Todavia, lembram os economistas do J.P. Morgan, o novo presidente terá atribuições vitais para os mercados globais, entre as quais a indicação do sucessor da presidente do Fed, Janet Yellen. Trump, por exemplo, já deu declarações no passado prometendo tirar Yellen do comando do Fed se for eleito presidente.

Não à toa as reações fortes nos preços dos ativos na última semana, quando as pesquisas de opinião mostraram uma indefinição do desfecho da eleição. O Dollar Index, por exemplo, caiu 1,2% na semana passada.

“Uma vitória do Trump poderia transtornar os investidores numa magnitude de perturbar os mercados financeiros profundamente e através disso afetar a decisão do Fed (sobre juros) em dezembro”, afirmou o estrategista-chefe do Brown Brothers Harriman, Marc Chandler, em nota a clientes.

Para os estrategistas de câmbio do banco francês Société Générale, uma vitória de Trump seria mais negativa do que uma vitória de Hillary seria positiva, levando a uma pressão de baixa sustentável nas moedas emergentes mais prolongada. “Uma vitória de Hillary Clinton poderia se traduzir num rali transitório e modesto nas moedas emergentes, com exceção do peso mexicano, que se fortaleceria significativamente”, disseram os estrategistas do SocGen.

Por outro lado, para os estrategistas de câmbio do banco Goldman Sachs, depois da correção observada pelo dólar frente à cesta de moedas de países desenvolvidos (via Dollar Index), cresceu a probabilidade de uma alta mais substancial do dólar num cenário de vitória de Hillary Clinton, passando a embutir, inclusive, uma maior probabilidade de alta dos juros americanos pelo Fed em dezembro, refletindo com maior clareza o resultado mais recente do “payroll” (criação de vagas de emprego).

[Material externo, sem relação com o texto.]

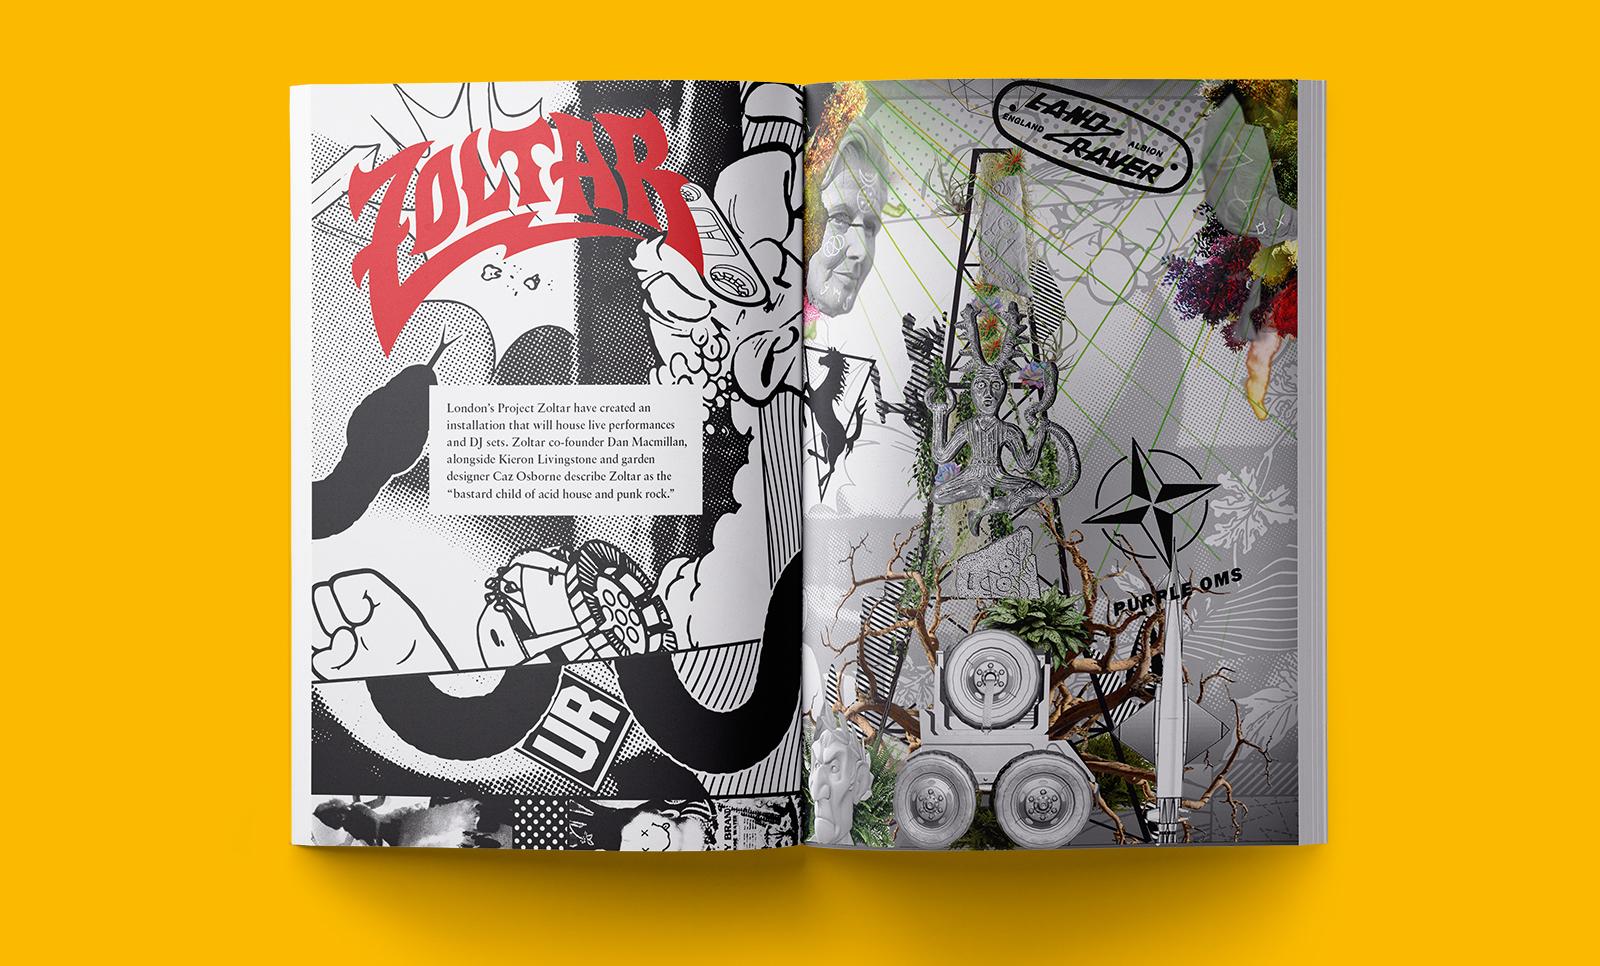 Sweet-Harmony-Saatchi-Gallery-Rave-Today-Book-Zoltar-Pavement-Licker.jpg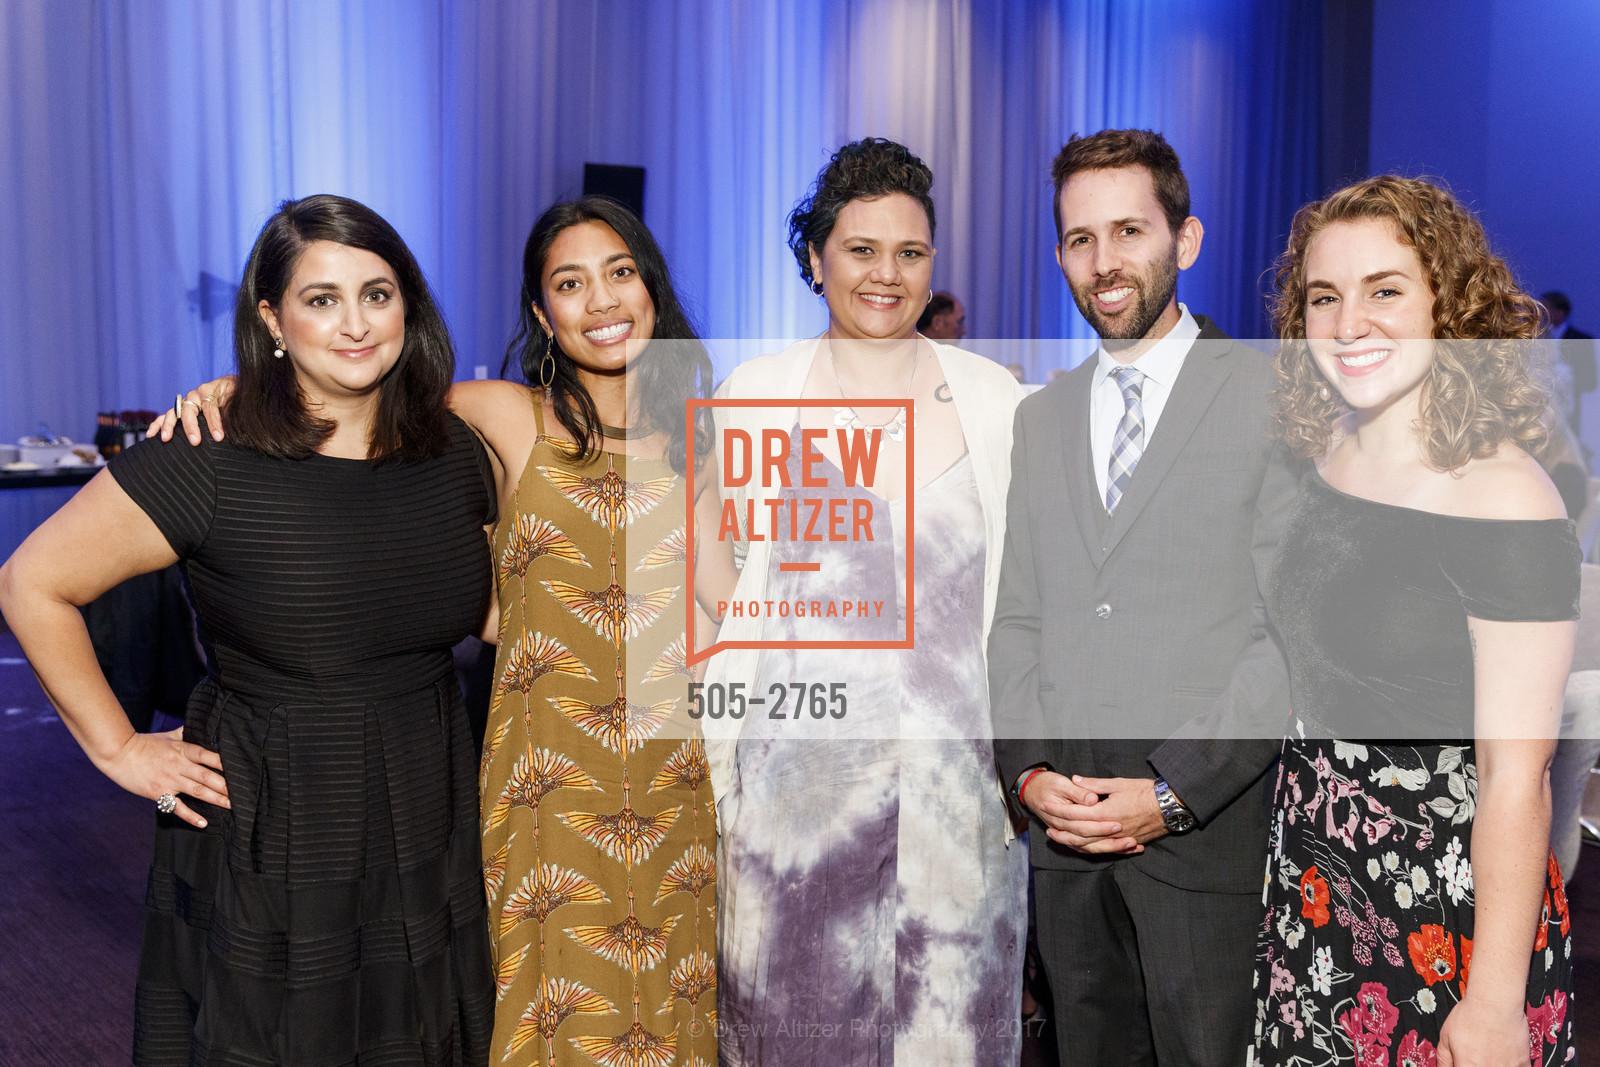 Shyla Batliwalla, Ally Subrahsanyan, Mylea Joe, Adam Moscowits, Sandy Rosenthal, Photo #505-2765

“Não ficaríamos surpresos em ver uma alta de 3% ponderada pelo comércio (trade-weighted) do dólar, levando a moeda americana para próximo do pico da faixa (‘range’) observada desde março de 2015”, escreveram os estrategistas do Goldman Sachs. Frente à cesta de moedas que compõem o Dollar Index, esses estrategistas acreditam que o dólar recuperaria mais terreno em relação ao euro e ao iene.

Apesar de as pesquisas ainda indicarem uma corrida apertada, os analistas da corretora TD Securities ainda trabalham com um cenário em que Hillary é eleita presidente dos EUA, com os republicanos mantendo o controle da Câmara dos Deputados e os democratas voltando a controlar o Senado por uma pequena margem.

Se esse cenário se concretizar, os analistas da TD Securities acreditam que os investidores passarão a precificar uma probabilidade de 85% de alta dos juros pelo Fed em dezembro. Uma vitória do Trump faria com que essa precificação caísse para apenas 20%.

Ou seja, é tudo ou nada na terça-feira.